Functionally Social Security is closest to a pension or lifetime income annuity in which payments come from both workers and their employers. (It has some features of both defined benefit and defined contribution pension plans.) Contributions to pensions and annuities are invariably invested, and then benefits are paid at retirement from the investment gain and some of the investment principal. The main question with pensions and annuities is always 'how much in benefits are you receiving compared to what you (and your employers) paid in?' This is actually a great question to ask about Social Security.

Before looking at this question, it is important to agree on a few terms and concepts. I am going to use the term 'retirement' to mean the age at which a worker is eligible for full Social Security benefits. Right now this is age 66 for most workers, but it has been age 65 at some points in the past, and it could be age 67 in the near future. Some workers actually begin taking reduced benefits as early as age 62, and some wait until age 70 to begin taking higher benefits. I will not distinguish between those who take early or late or regular full benefits because the total amounts early and late beneficiaries receive are built into the system to be financially equivalent to the amount an individual receives at normal full retirement. Also I note that some Social Security beneficiaries work after they begin getting Social Security benefits. This does not really complicate the definition of retirement I am using, but it will make it necessary to include any income contributions these retired workers make to Social Security. The term Social Security benefits also needs some explanation. OASI makes payments to workers and in many cases their spouses and other dependents (usually children). I am going to include all these payments as worker 'benefits'. SSA also has other more minor programs covering disability, etc. These are significantly smaller in overall amounts and are administered somewhat separate from worker/spouse/dependents benefits. I am therefore going to exclude disability benefits in the analysis here. Finally Social Security contributions come from both employers and employees, but both amounts are based on worker income. Henceforth I will refer to the total of such contributions as worker contributions.

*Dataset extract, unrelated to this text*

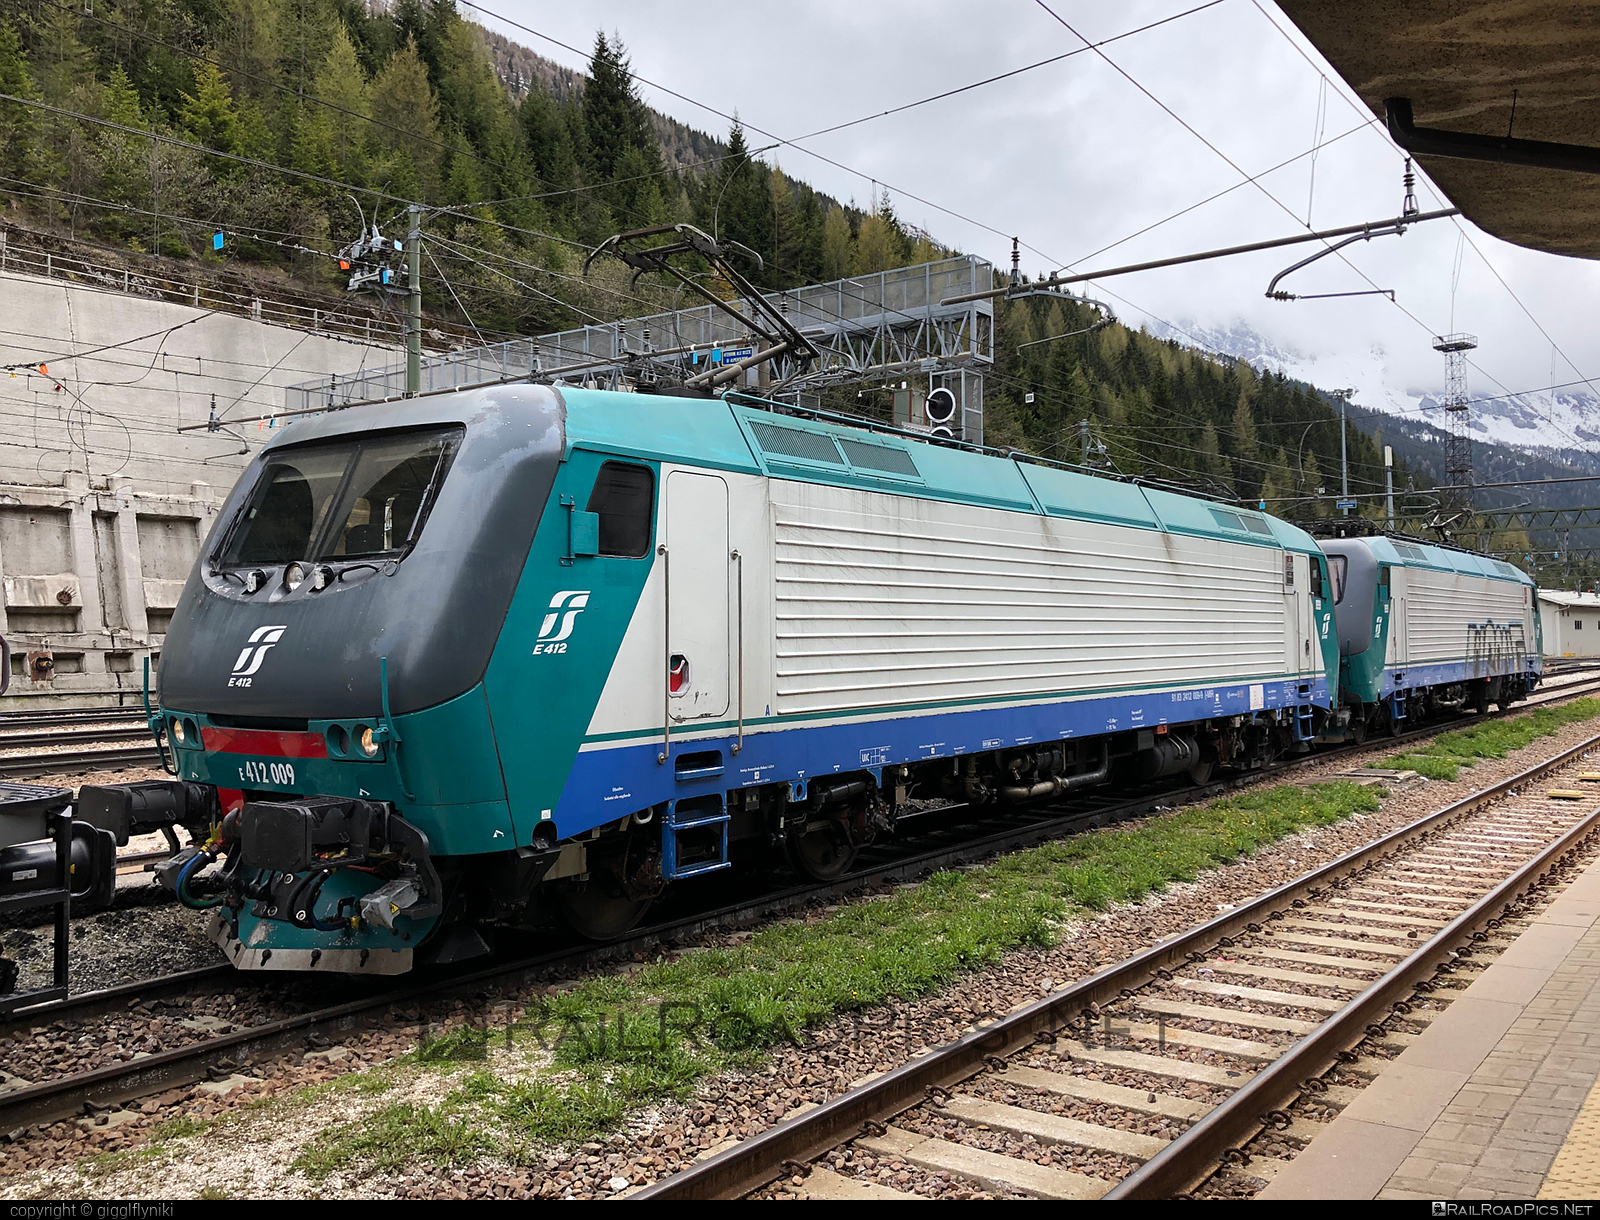 FS Class E.412 - E412 009 operated by Mercitalia Rail S.r.l. #e412 #ferroviedellostato #fs #fsClassE412 #fsitaliane #mercitalia
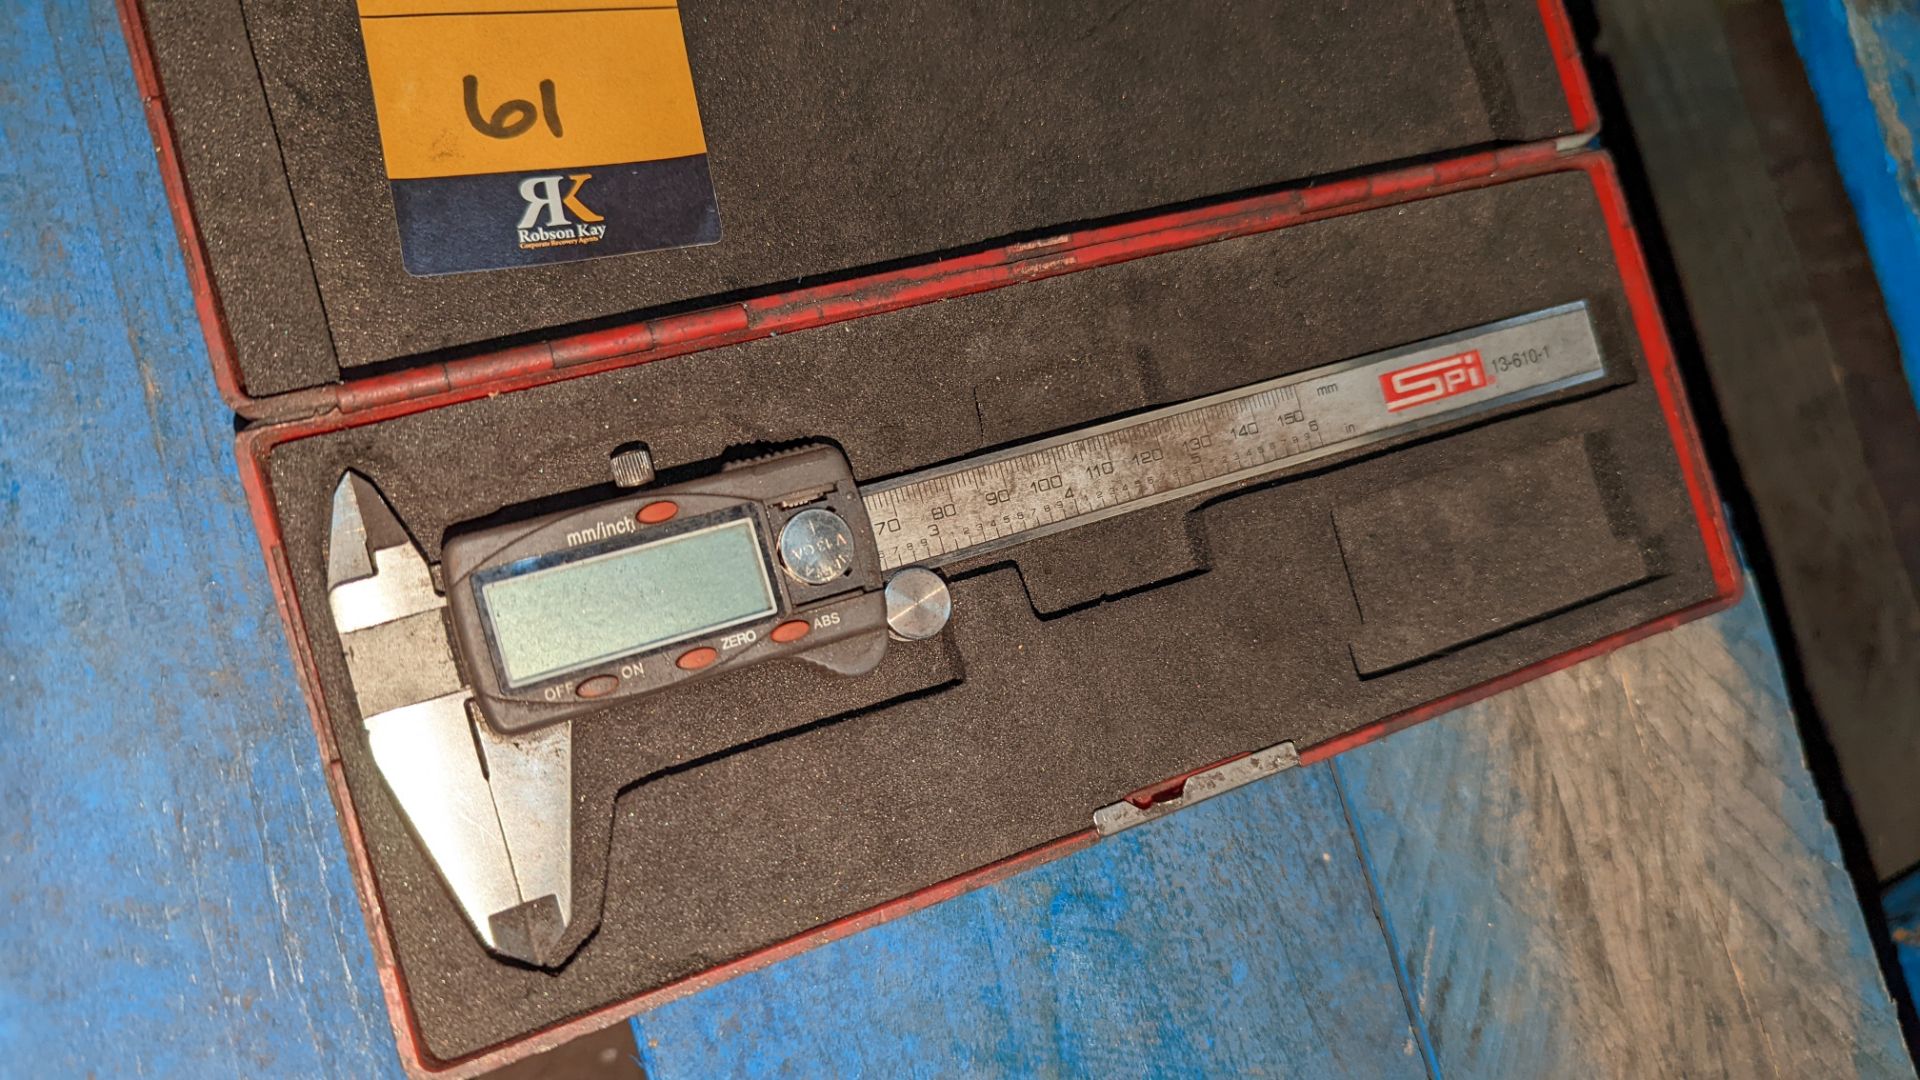 SPI digital measuring calliper - Image 5 of 5

What Can Be Learned From Social Security Data?

SSA like most federal government agencies makes extensive amounts of data about their operations available. Every year the SSA publishes a Trust Report which summarizes that year's operations along with some historical context and estimates for the future. Table I (columns A-M) includes one of the tables (Table VI.A1.— Operations of the OASI Trust Fund, Calendar Years 1937-2023) from the SSA Trust Report for 2024. This table contains the historical yearly worker contributions to Social Security and yearly benefits paid out to retired workers and/or their dependents along with quite a bit of additional supporting information. Table I is a perfect starting point for a comparison of total worker contributions to Social Security and total benefits paid to workers. There is a lot of information in this table; so I have highlighted the three columns of SSA data (dark blue, purple, and green) which are of primary interest for this analysis.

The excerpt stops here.